## Task instructions
Copy the lines below word for word, skipping any image.

## Information supplied
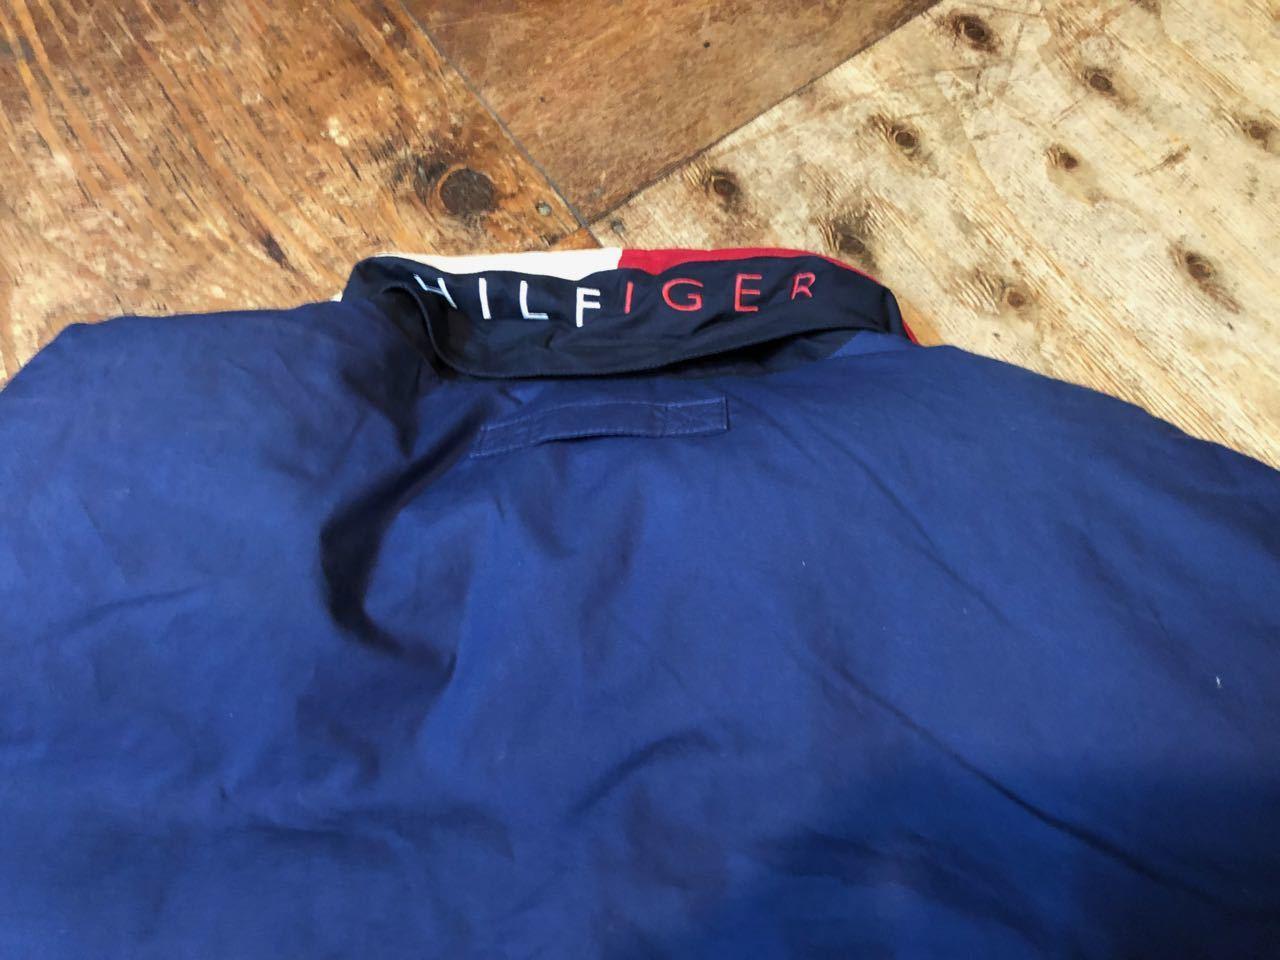 90s TOMMY HILFIGER DOWN JACKET  トミーフィルフィガー ダウンジャケット!_c0144020_14081576.jpg
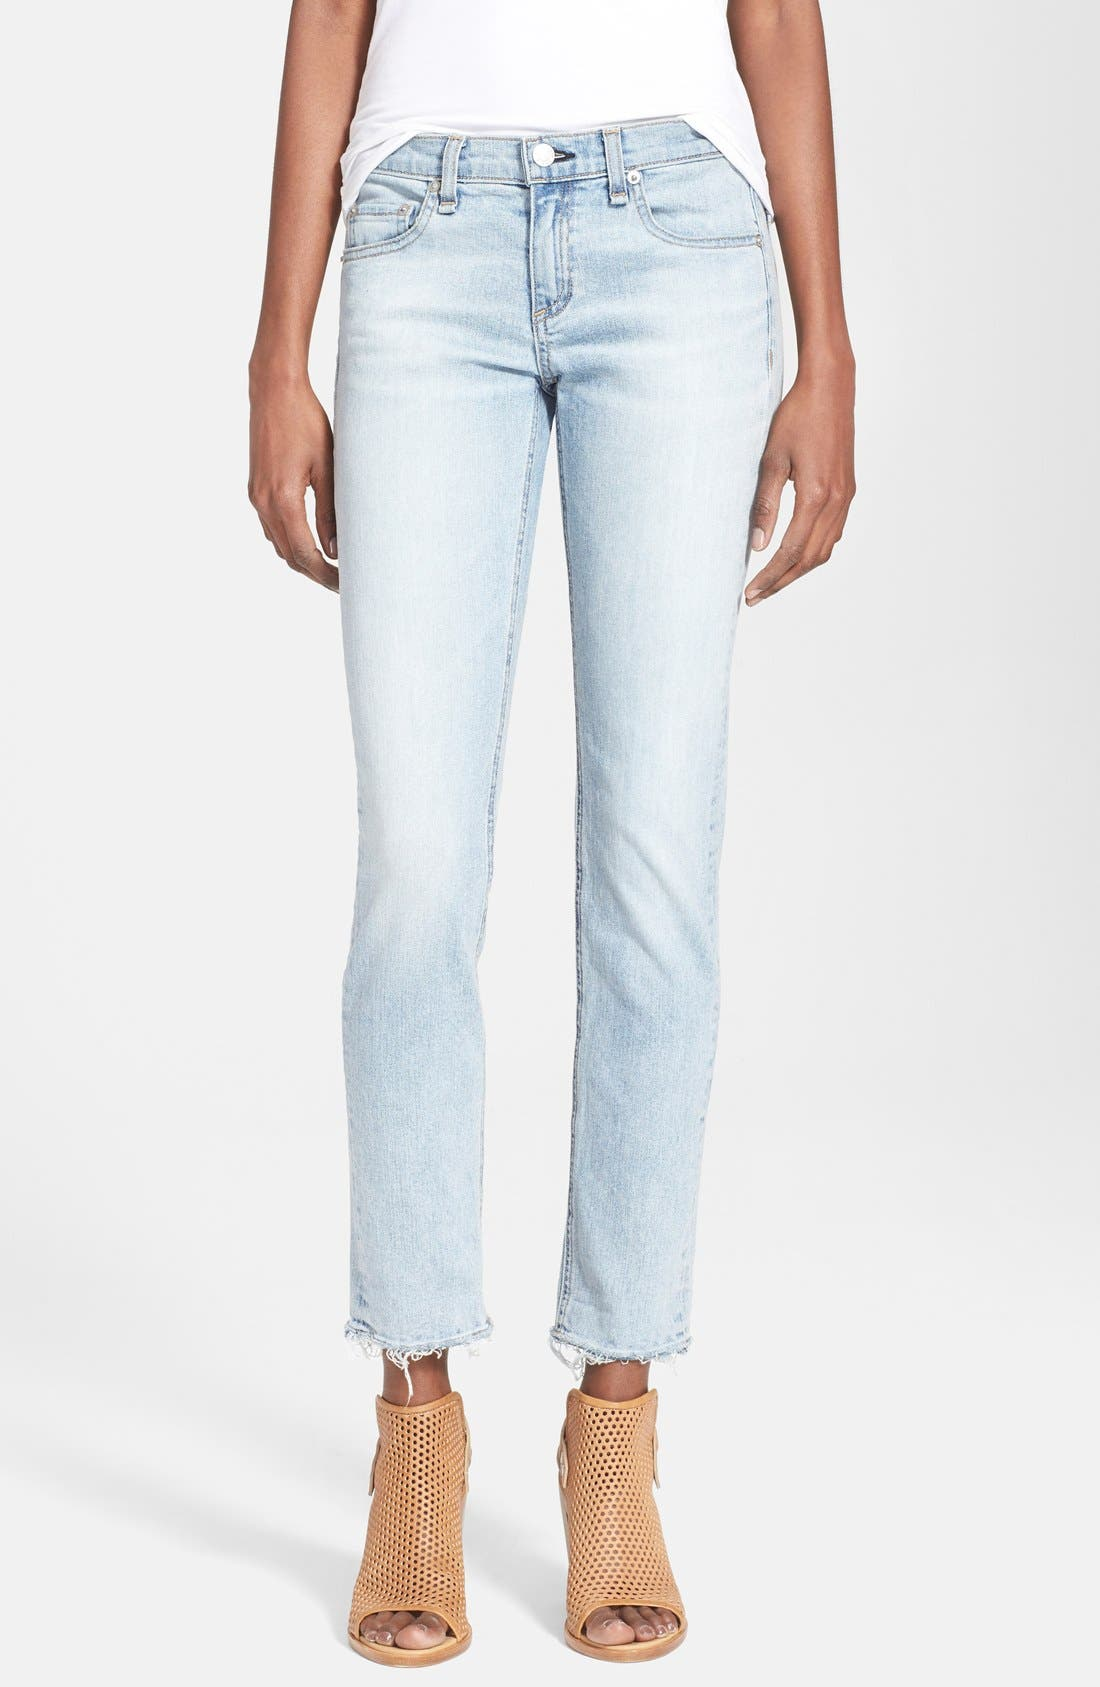 RAG & BONE,                             JEAN 'Dre' Frayed Hem Ankle Jeans,                             Main thumbnail 1, color,                             456
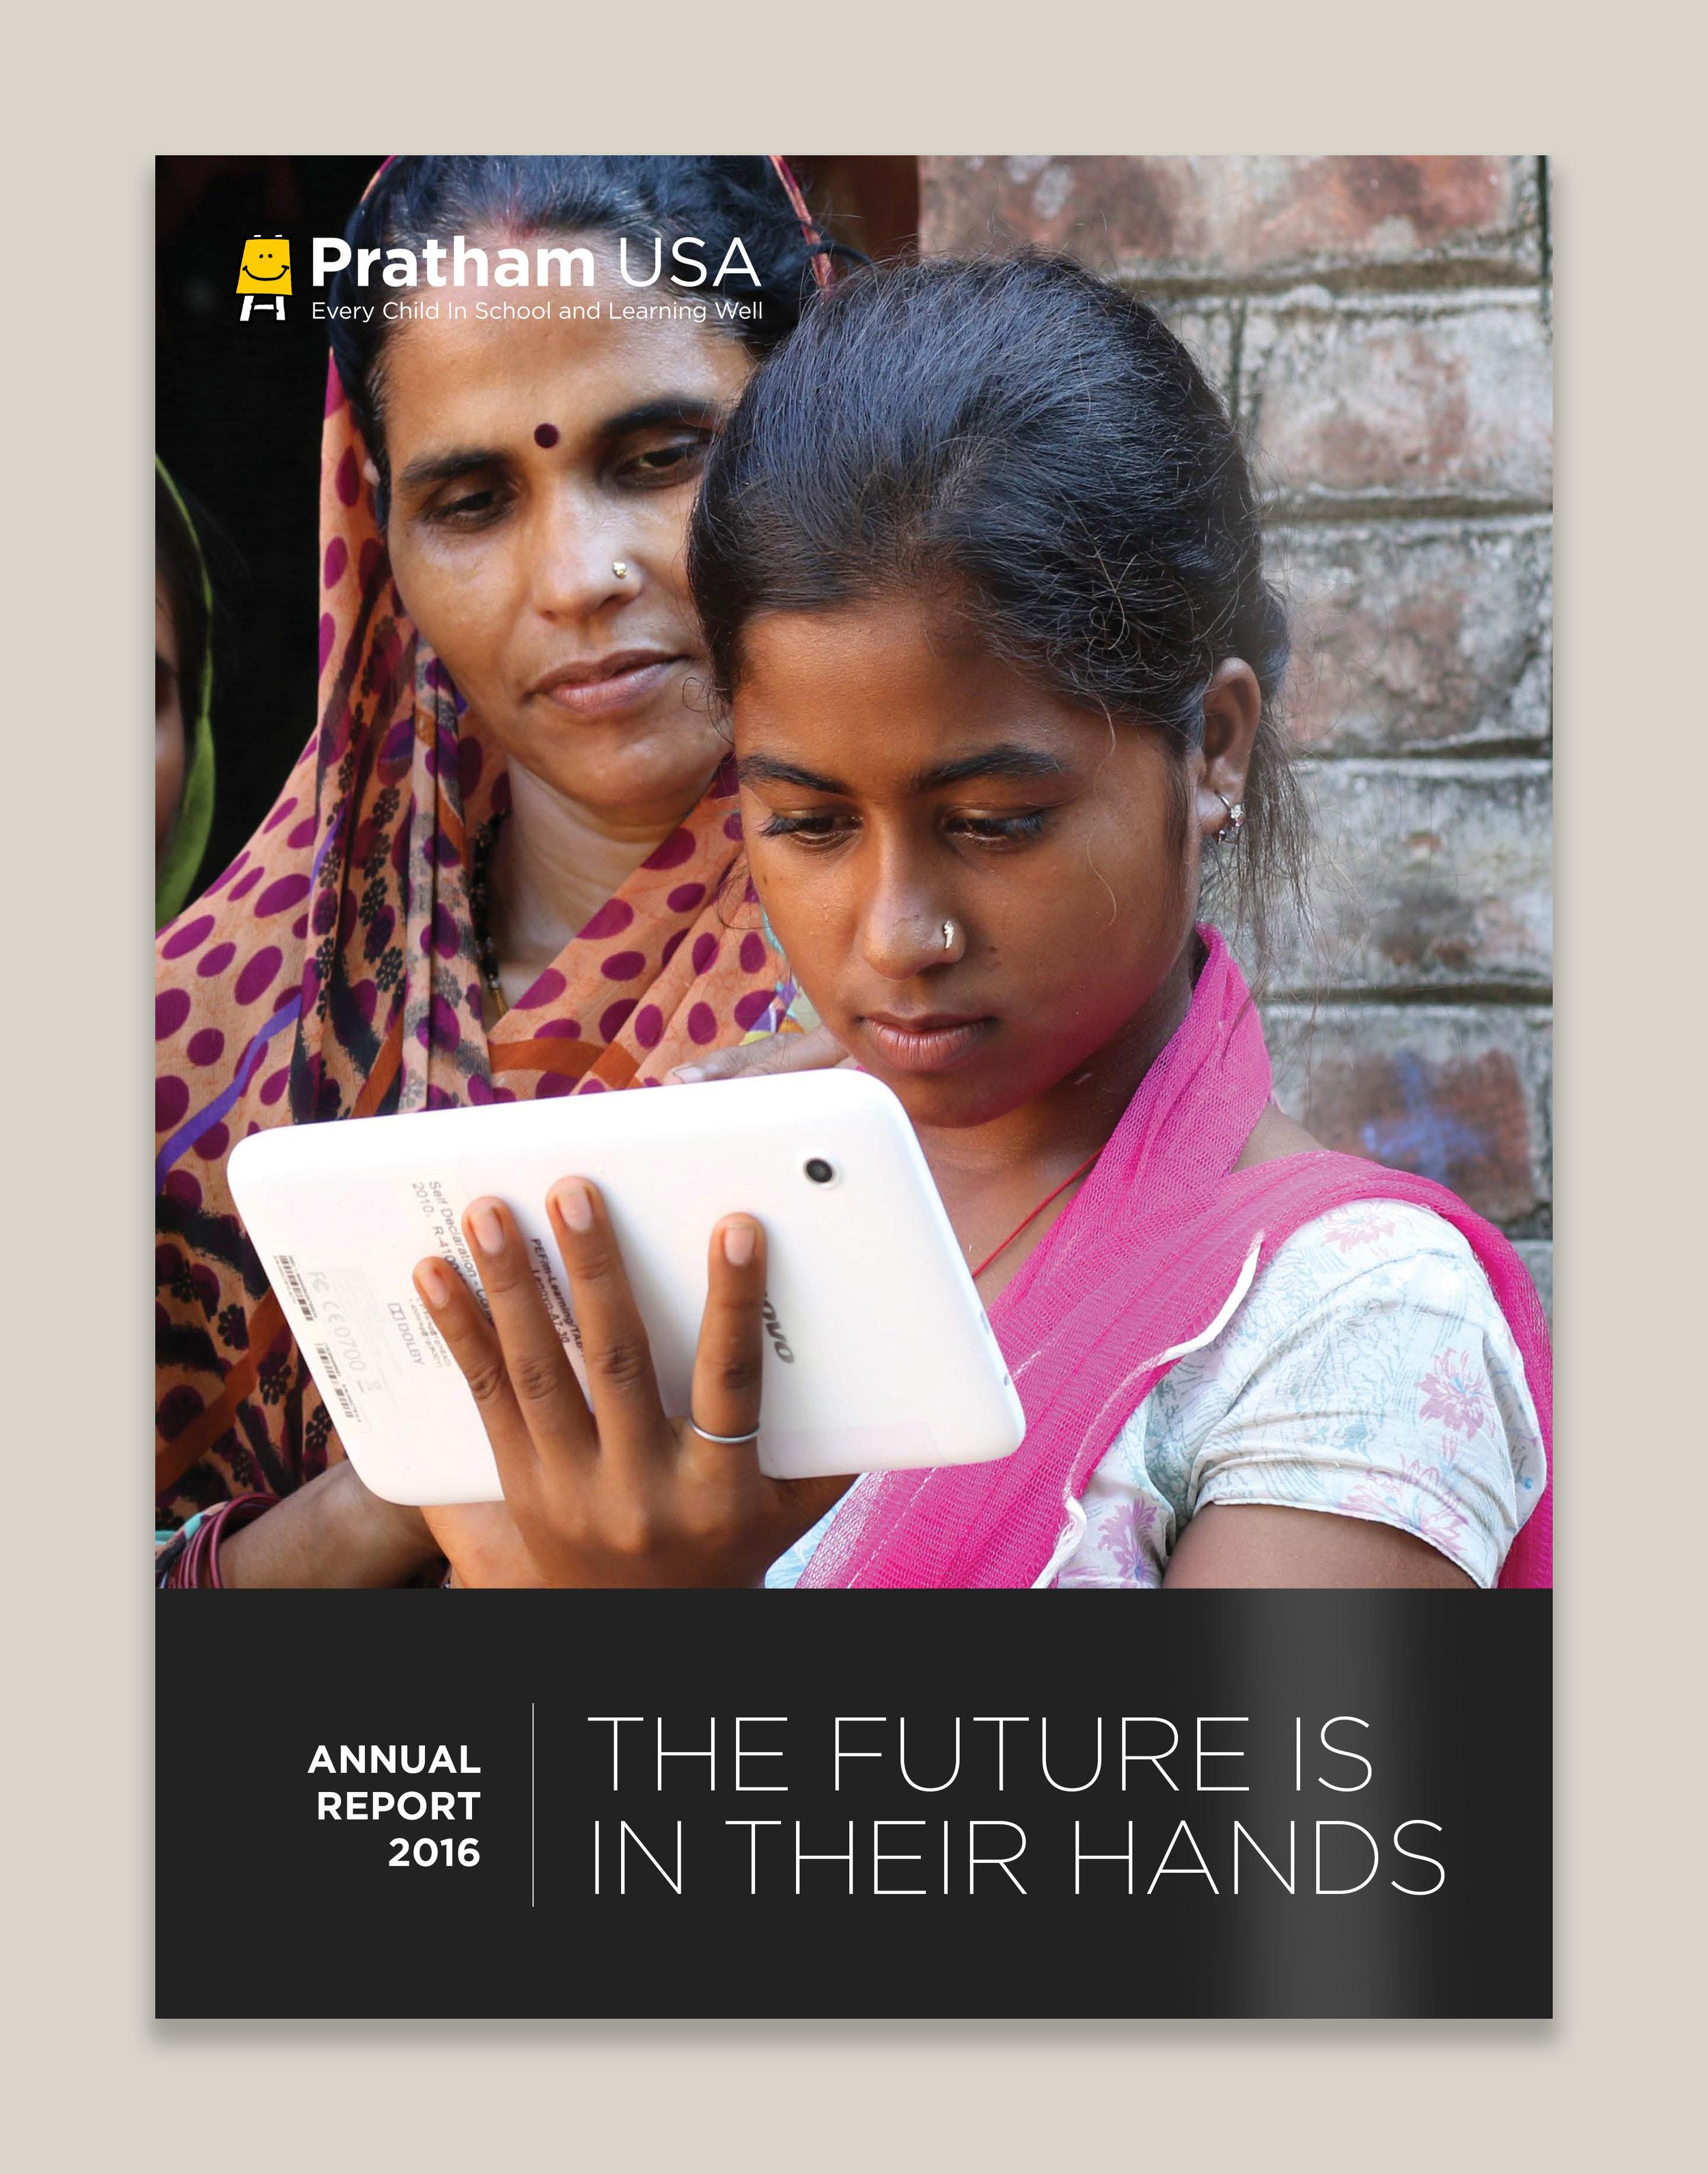 annual report 2016 interactive spreads-1.jpg

## Response to this task
 90s TOMMY HILFIGER DOWN JACKET  トミーフィルフィガー ダウンジャケット!_c0144020_14081576.jpg
 RAG & BONE,                             JEAN 'Dre' Frayed Hem Ankle Jeans,                             Main thumbnail 1, color,                             456
 annual report 2016 interactive spreads-1.jpg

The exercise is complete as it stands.